FEIBA VH [Anti-inhibitor Coagulant Complex]
Instructions for Use (Rx Only)
The information contained in this page is intended for U.S. healthcare professionals only.
FEIBA VH therapy is an anti-inhibitor coagulant complex (AICC) with 30 years of experience in the management of hemophilia patients with inhibitors. 1
Indications
FEIBA VH is indicated for the control of spontaneous bleeding episodes or to cover surgical interventions in hemophilia A and hemophilia B patients with inhibitors.1
Features
- FEIBA VH therapy works with a unique mechanism of action, making it an integral part of inhibitor management1,2
- FEIBA VH therapy provides both prothrombin (FII) and FXa at the site of the bleed to help ensure a fast, effective response while fostering strong clot formation2
- FEIBA VH therapy bypasses the need for FVIIIa and FIXa, to facilitate hemostasis2
- FII and FXa are the primary contributors to the action of FEIBA VH therapy, promoting thrombin generation on the back of the activated platelet to form the clot2
Safety and Efficacy1
- Trusted for over 30 years, FEIBA therapy has demonstrated tolerability and efficacy.
- FEIBA therapy controlled bleeding in 93% (153/165) of episodes in a multiclinic prospective study (N=49)
- In 78% (130/165) of episodes, hemostasis was achieved with one or more infusions within 36 hours
- 36% (60/165 episodes) were controlled with one infusion within 12 hours
Confidence and Convenience1
- Up to 12 hours ( 6 or 12 hours) between doses
- Convenient room temperature storage
- FEIBA VH therapy comes packaged with BAXJECT Needle-less Transfer Device for safer, faster, and easier reconstitution as compared to needles: needle-less, fewer total steps, one piece design
FEIBA VH Detailed Risk Information
FEIBA VH is contraindicated in patients known to have a normal coagulation mechanism.
FEIBA VH is made from human plasma. It may carry a risk of transmitting infectious agents, e.g. viruses and theoretically the Creutzfeldt-Jakob disease (CJD) agent.
Allergic reactions ranging from mild, short-term urticarial rashes to severe anaphylactoid reactions have been observed. Administration of FEIBA VH should be discontinued immediately if such signs appear.
Thromboembolic events are a rare but well recognized potential complication of FEIBA infusion, particularly following administration of high doses and/or in patients with thrombotic risk factors.
Myocardial infarction was found to occur after high doses and/or prolonged administration and/or in the presence of risk factors.
FEIBA VH should not be used for the treatment of bleeding episodes resulting from coagulation factor deficiencies in the absence of inhibitors. It should not be given to patients with significant signs of disseminated intravascular coagulation (DIC) or fibrinolysis.
Infusion of FEIBA VH should not exceed single dosage of 100 U/kg and daily doses of 200 U/kg of body weight. Patients receiving more than 100 U/kg of FEIBA VH must be monitored for the development of DIC and/or symptoms of acute coronary ischemia. High doses of FEIBA VH should be given only as long as absolutely necessary to stop bleeding.
If clinical signs of intravascular coagulation occur, which include changes in blood pressure, changes in pulse rate, respiratory distress, chest pain, and or/cough, infusion of FEIBA VH should be stopped promptly.

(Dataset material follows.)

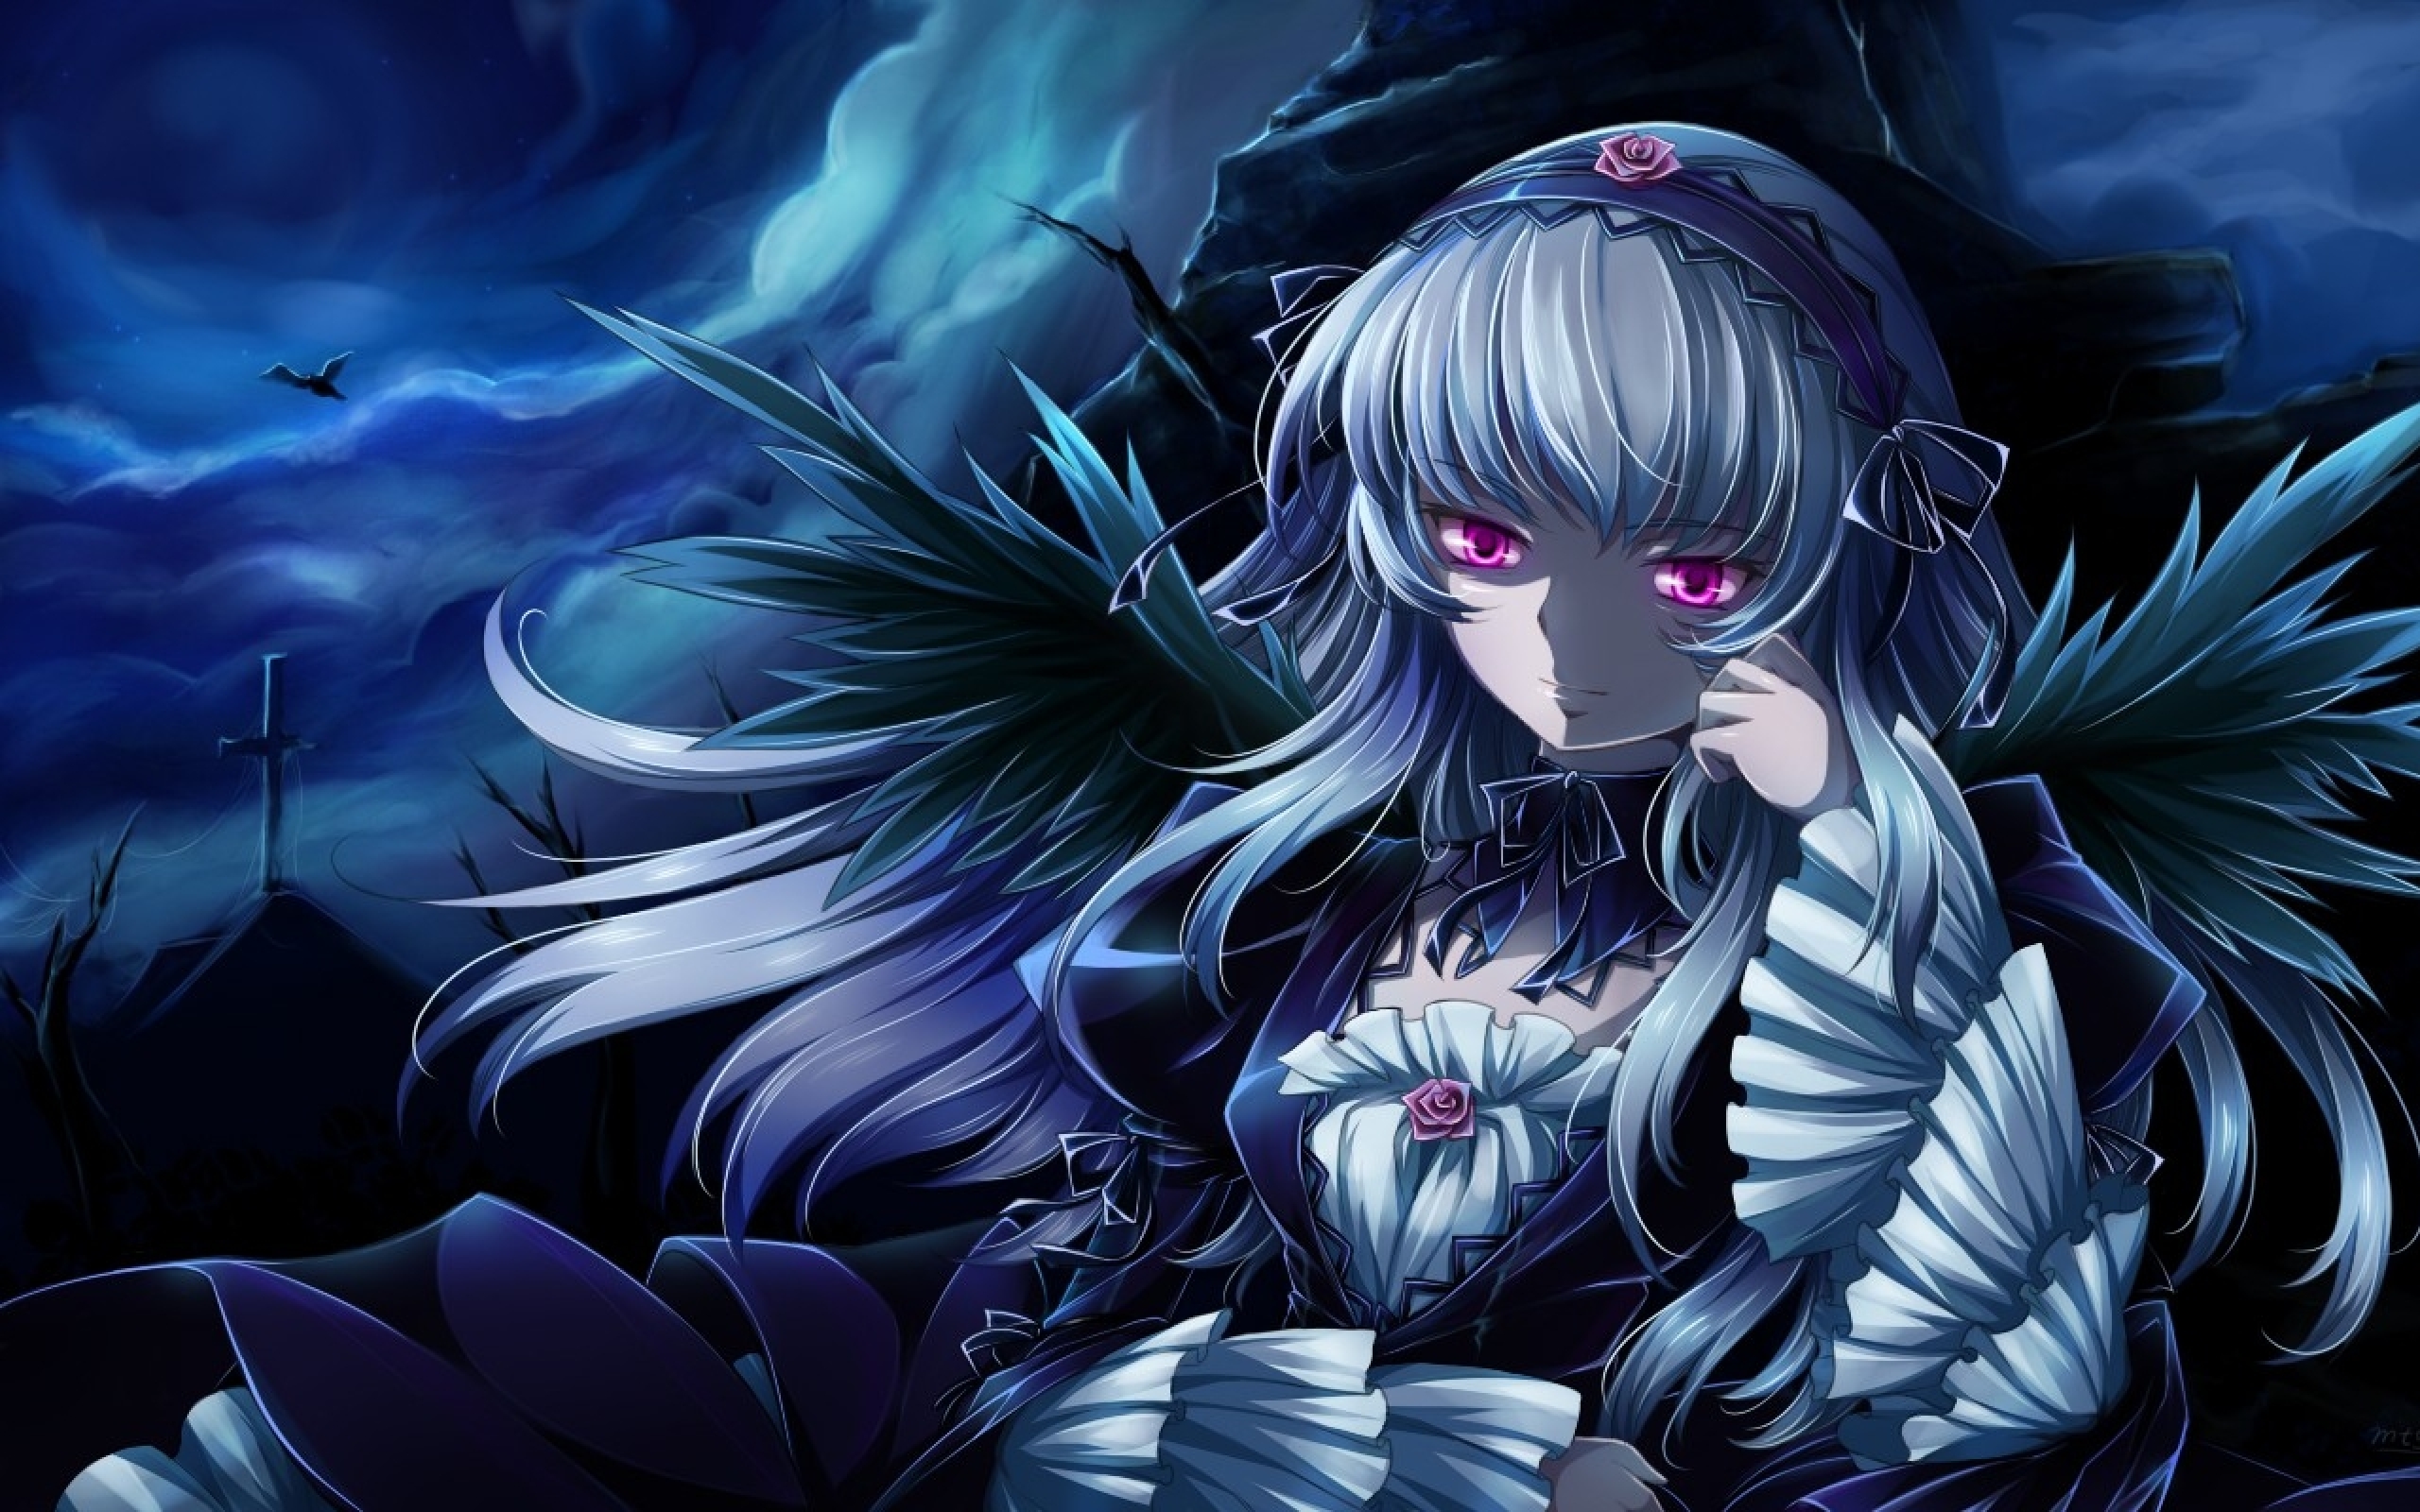 Free Download Hd Gothic Anime Wallpapers 2560x1600 For Your

Non-hemophilic patients with acquired inhibitors against Factors VIII, IX, or XII may have both a bleeding tendency and an increased risk of thrombosis at the same time.
Myocardial infarction, disseminated intravascular coagulopathy, injection site pain, anaphylactic reaction, hypersensitivity, urticaria, blood pressure decreased, hypoaesthesia, hypoaesthesia facial, and embolism have been reported in the postmarketing setting. Because these reactions are reported voluntarily from a population of uncertain size, it is not always possible to reliably estimate their frequency or establish a causal relationship to drug exposure.
Disposal and Recycling
After using FEIBA VH, dispose of the empty vial, reconstitution device and syringe in a Sharps container.
References
1. FEIBA VH Prescribing Information. Westlake Village, CA: Baxter Healthcare Corporation; April 2005.
2. Turecek PL, Varadi K, Gritsch H, et al. Factor Xa and prothrombin: mechanism of action of FEIBA. Vox Sang. 1999; 77(suppl 1):72-79.